- [What you need to do]:
Emit the data below verbatim, stripping out any pictures.

- [Dataset section]:
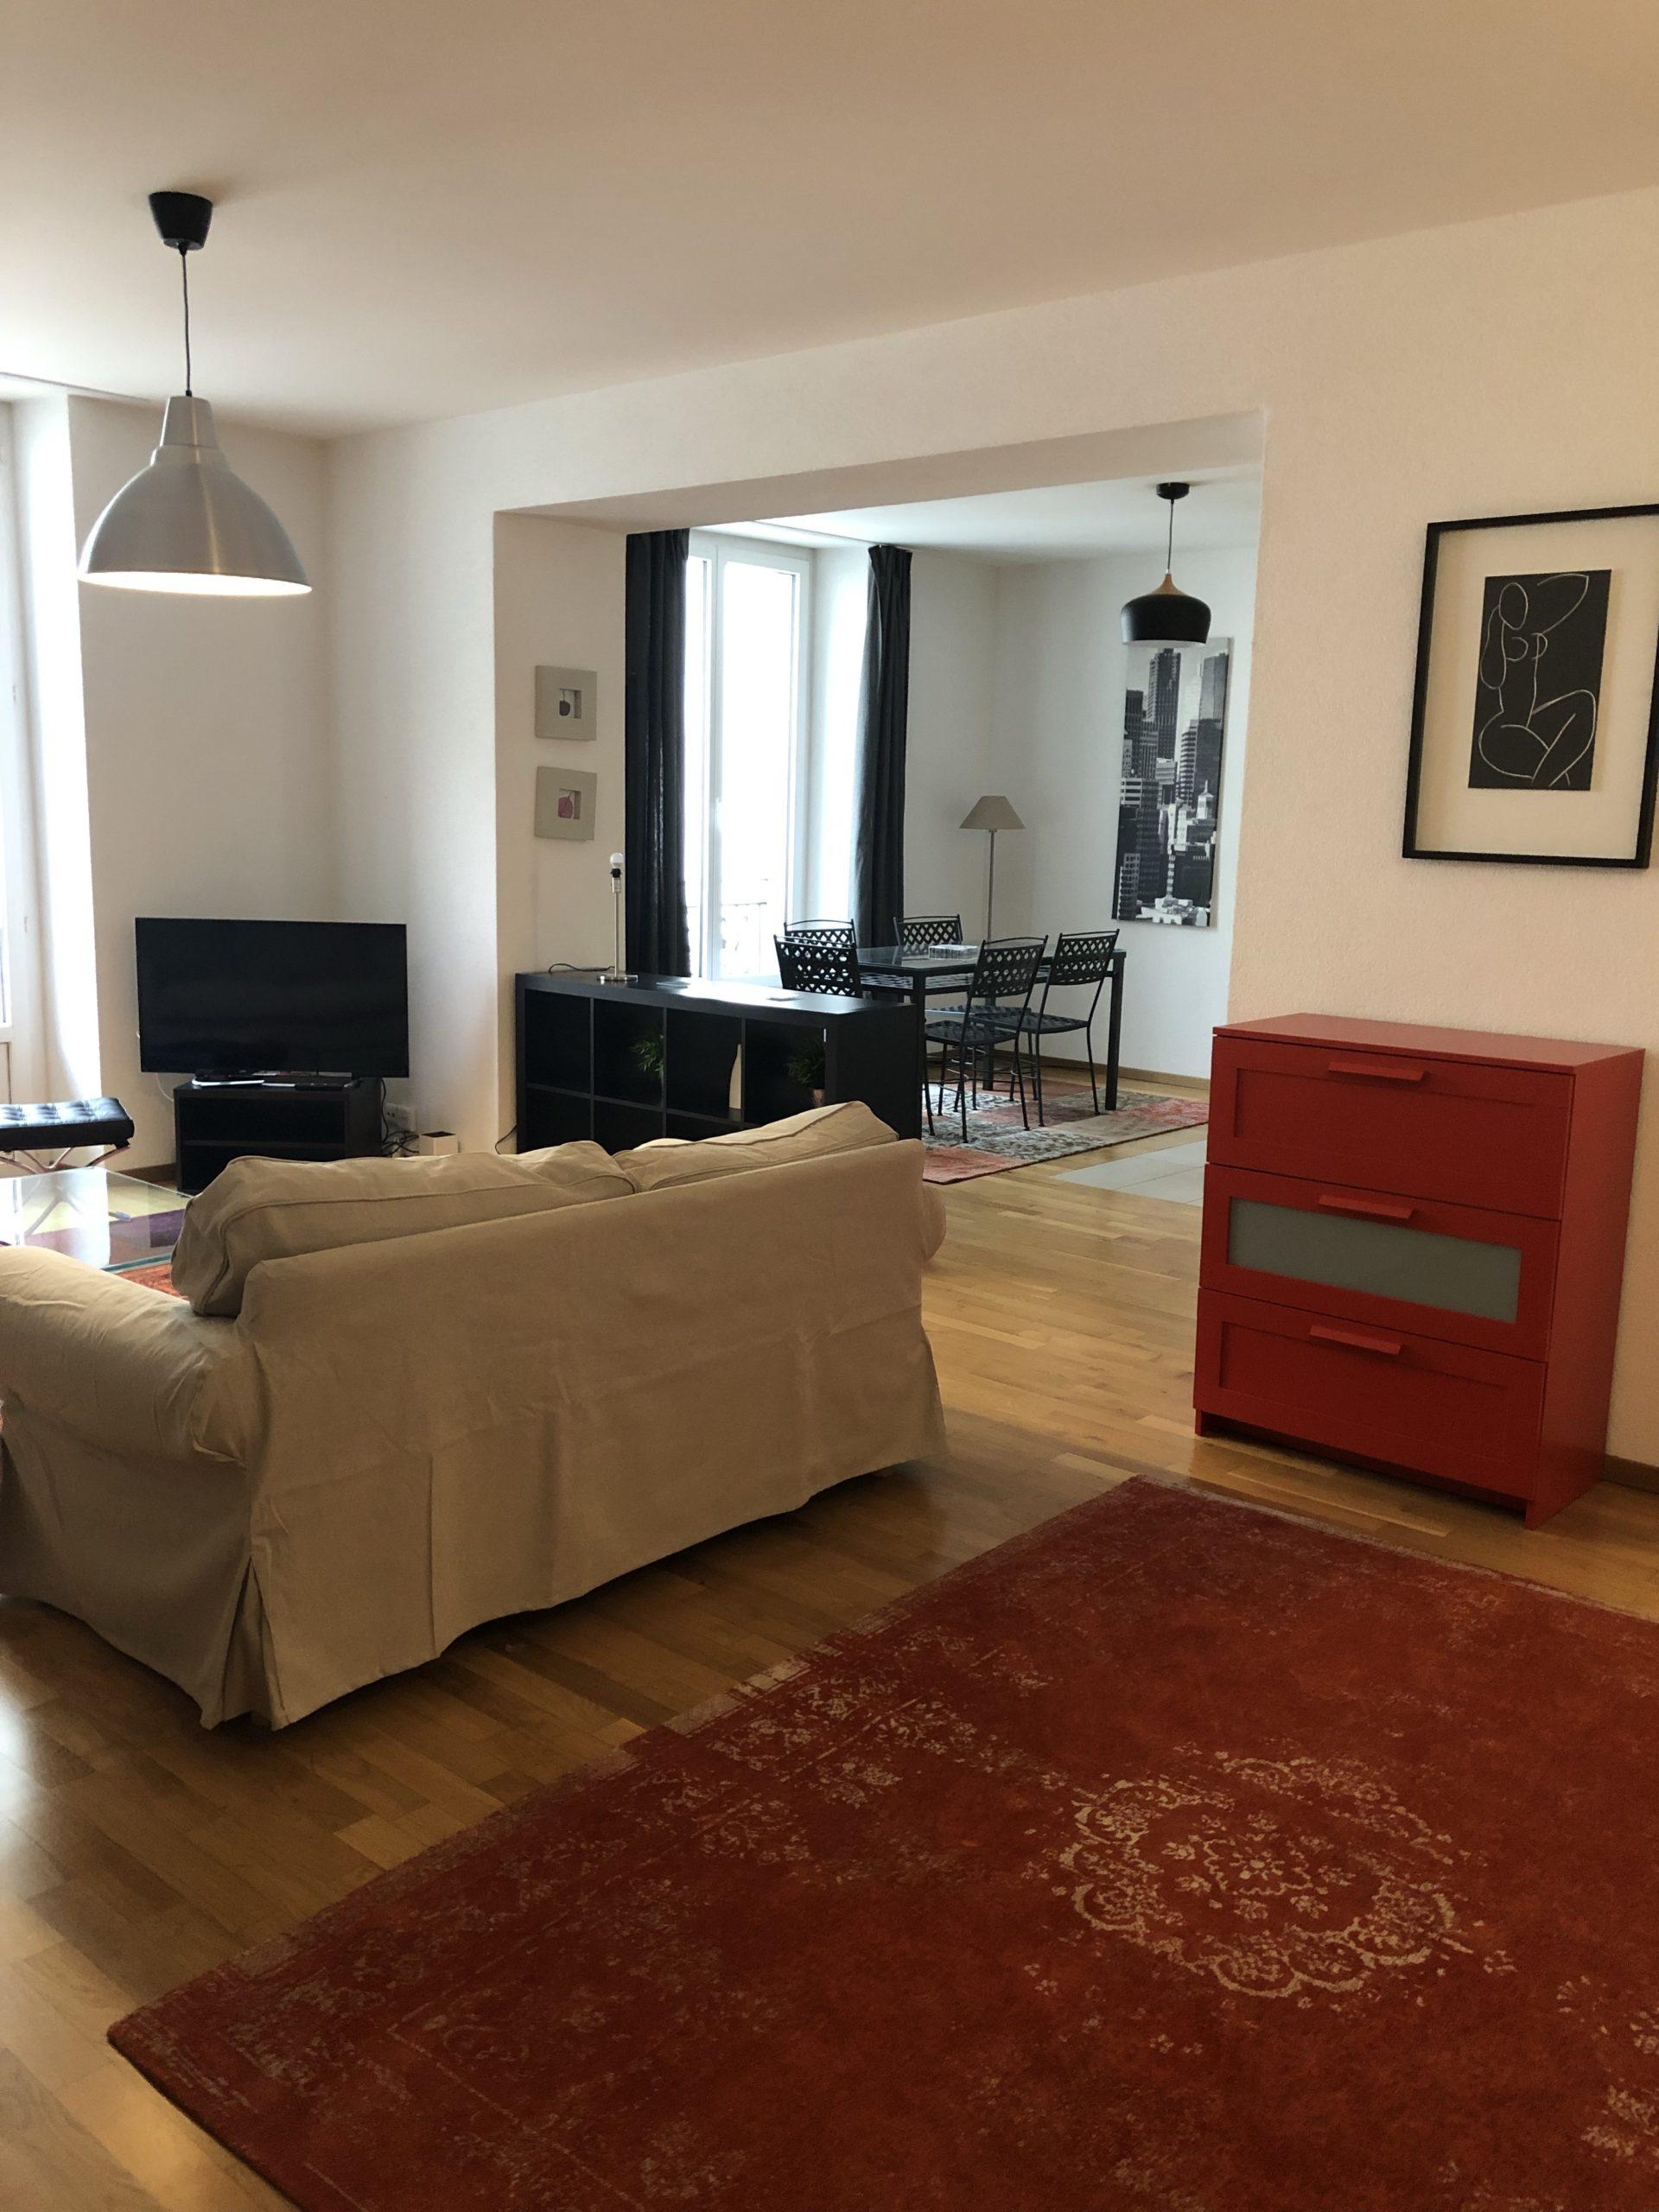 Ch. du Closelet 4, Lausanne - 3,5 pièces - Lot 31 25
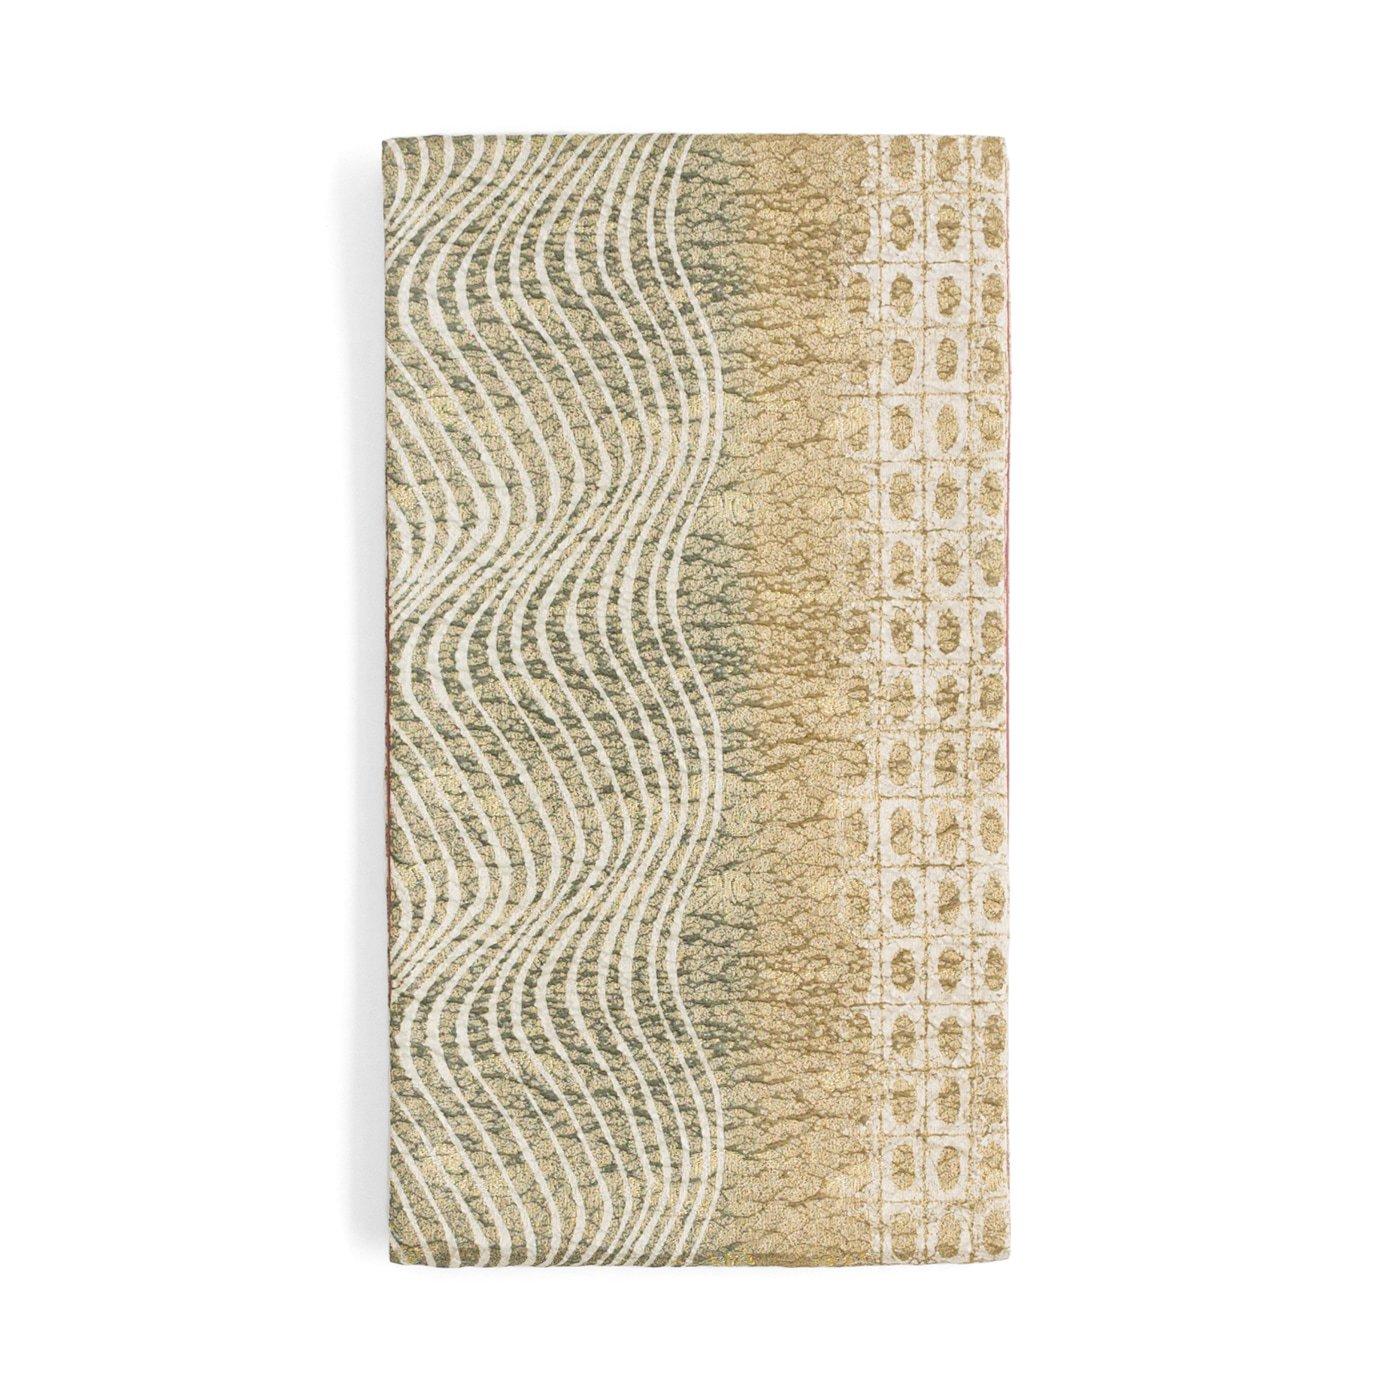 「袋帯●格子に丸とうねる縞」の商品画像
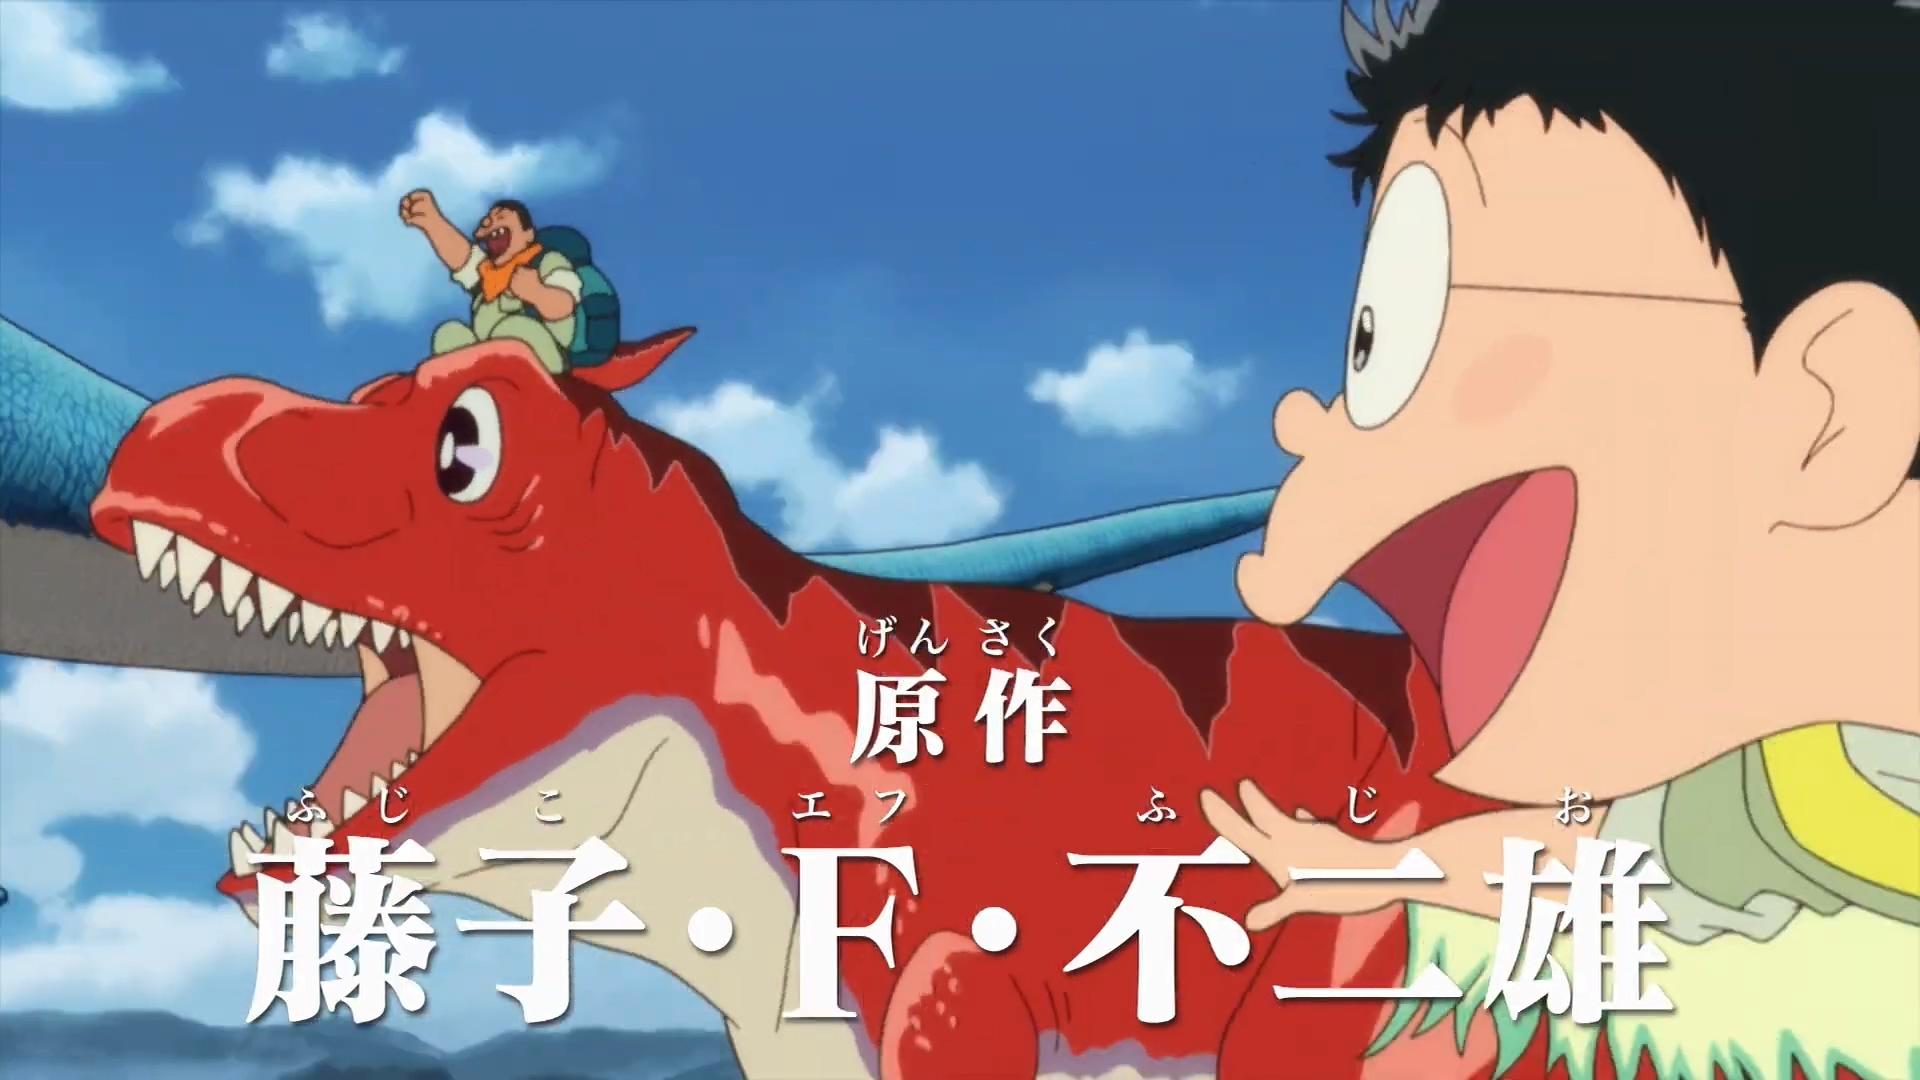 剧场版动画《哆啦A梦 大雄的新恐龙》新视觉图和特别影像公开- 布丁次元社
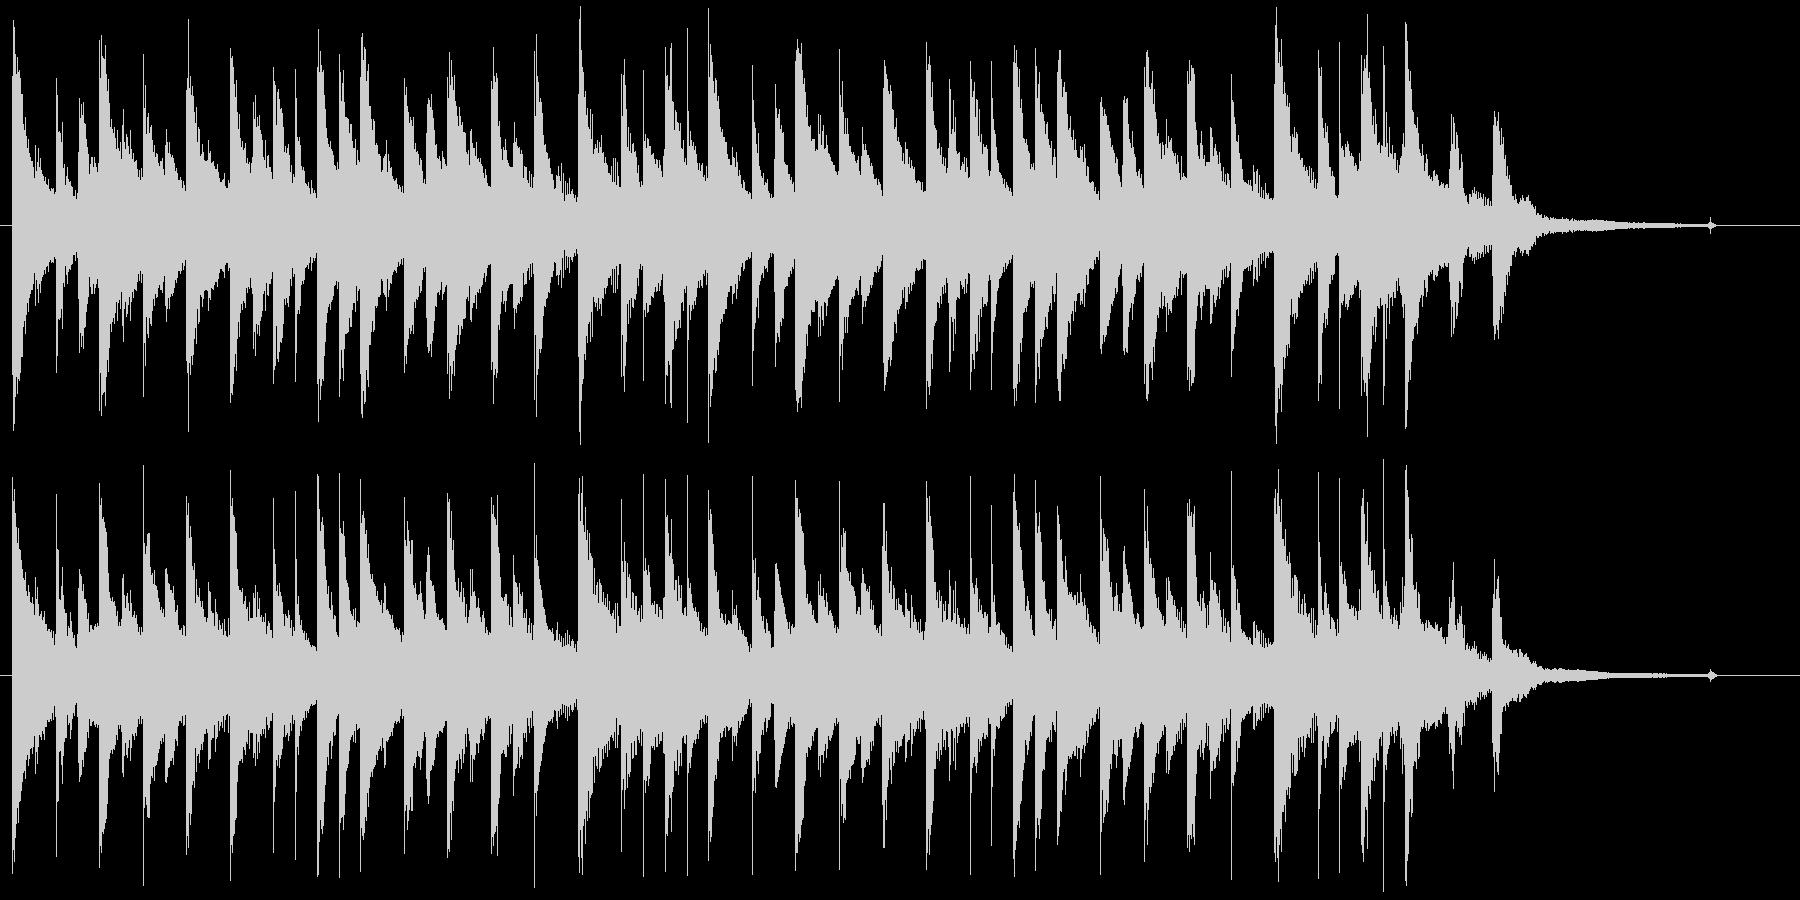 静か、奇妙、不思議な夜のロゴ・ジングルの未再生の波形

- [Written answer]:
 Ch. du Closelet 4, Lausanne - 3,5 pièces - Lot 31 25
 「袋帯●格子に丸とうねる縞」の商品画像
 剧场版动画《哆啦A梦 大雄的新恐龙》新视觉图和特别影像公开- 布丁次元社
 静か、奇妙、不思議な夜のロゴ・ジングルの未再生の波形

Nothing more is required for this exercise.